I decided to try this with my discus tank, it has a duel 65w power compact fixture and I had a duel Pink plantgrow bulb in there, with a duel 6700/6700 bulb.. It looked ok but the pink really washed the colors out... And with just the 6700/6700 light on the tank looked yellowish.. Every tank I have has either T5's or Power compacts... and they are all 6700 or 6700/10k combo's... All tanks look "natural" but are all a tad yellow.. and no it isn't the water.

So I put a duel Actinic light in the discus tank (took out the pink bulb) and now its running a 6700/6700 and a 420/460 actinic combo (its the only actinic light I had the 420 is more of a purple bulb so ignore that but the 460 is bright blue).. And wow.... my discus tank looks awesome... my 25 Neons/cardinals are glowing blues and reds... All my discus like my blue turquoise and Leopard snakeskin, and my blue snakeskins are all poping out in colors.

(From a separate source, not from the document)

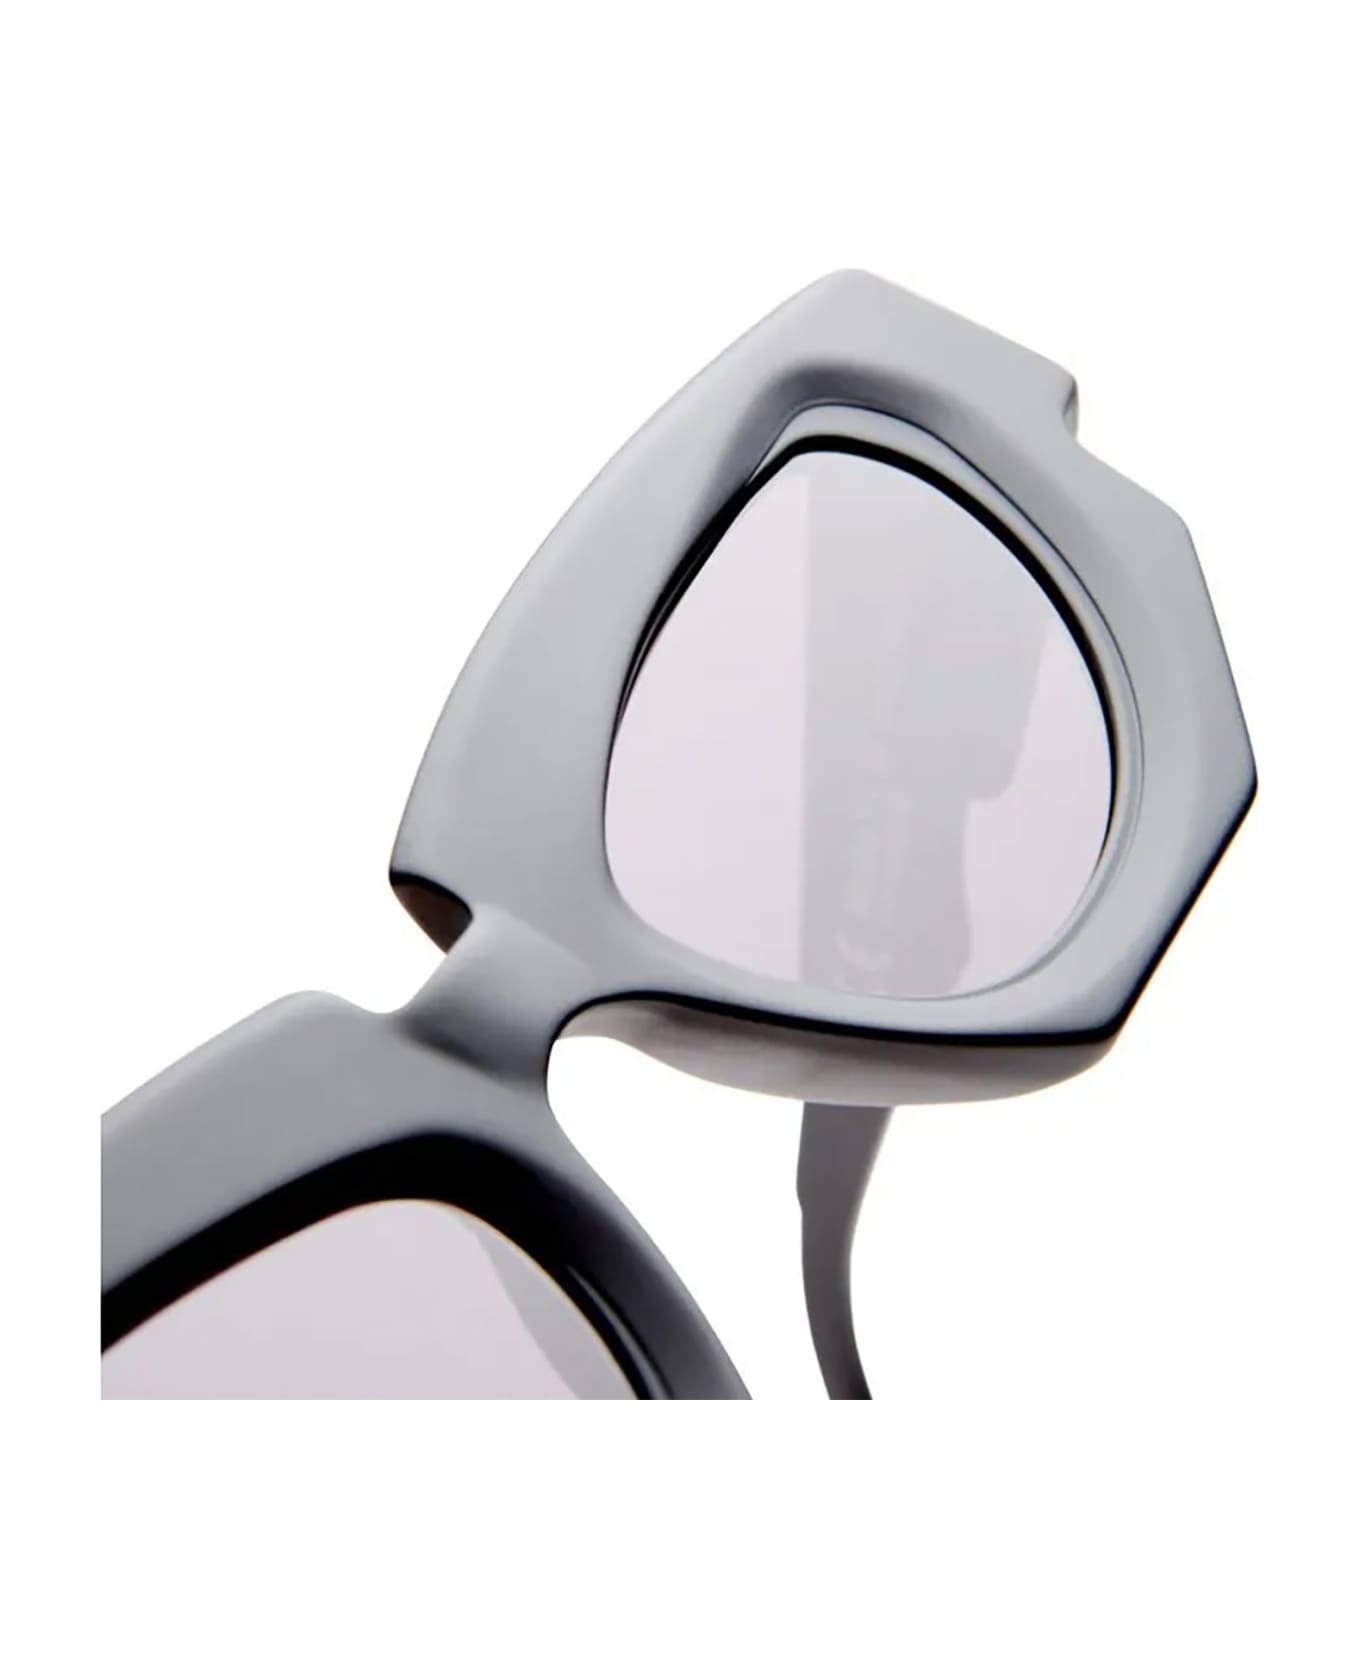 Kuboraum F5 Sunglasses - Grey サングラス
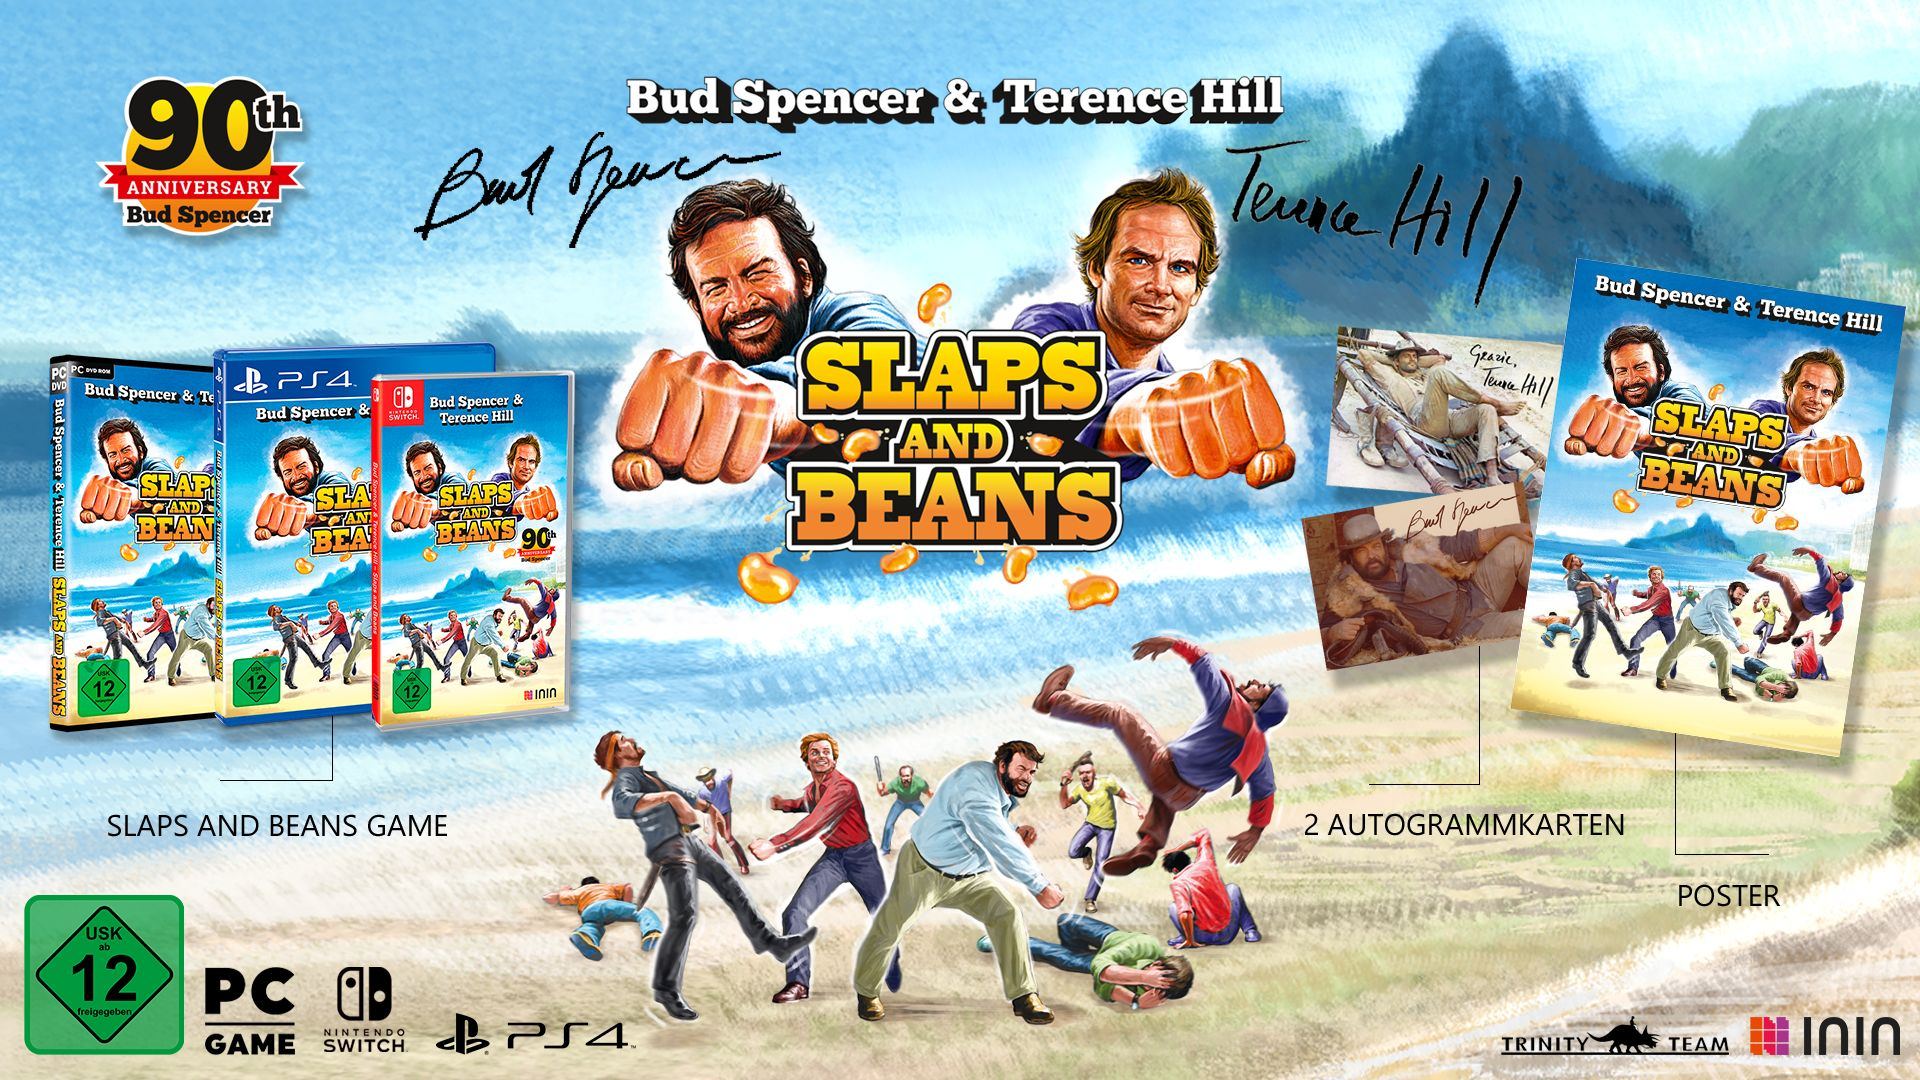 Bud Spencer & Terence Hill Slaps and Beans: Sammlerausgabe kommt in den  Handel - Anniversary Edition

Tank looks more blueish but the yellowish tint is gone and my red plants are glowing as well.

What do you guys think ? Has anyone used Actinic lights with daylight bulbs to pop your fresh water fish and plants ? To me this isn't any different then these LED lights from Fluval and other brands that use white and blue leds. Am I right ? 

Because I took that new LED light over my discus tank to see what it looked like and while not as bright as my PC light it looked the same with me using my actinic/6700


----------



## lilnaugrim (Mar 27, 2013)

The thing with blue, it's usually used for deeper tank, tanks that are 2 feet or taller because blue light penetrates the best through water (purple actually penetrates the farthest). Plants will utilize red light more than they will blue light but they'll still grow of course. The only thing you may notice if you don't have CO2 systems, you'll get more algae with blue lights on shorter tanks lol


----------



## candymancan (Aug 16, 2013)

Well my tank is 2 feet tall. The 44g pentagon is 25 inches tall.. And the Fixture is on stands the light being in the fixture measuring it just now the light is 7-8 inches above the water line.. So from the bottom of the tank to the light its about 30 inches (taking the 3 inch gravel into account)..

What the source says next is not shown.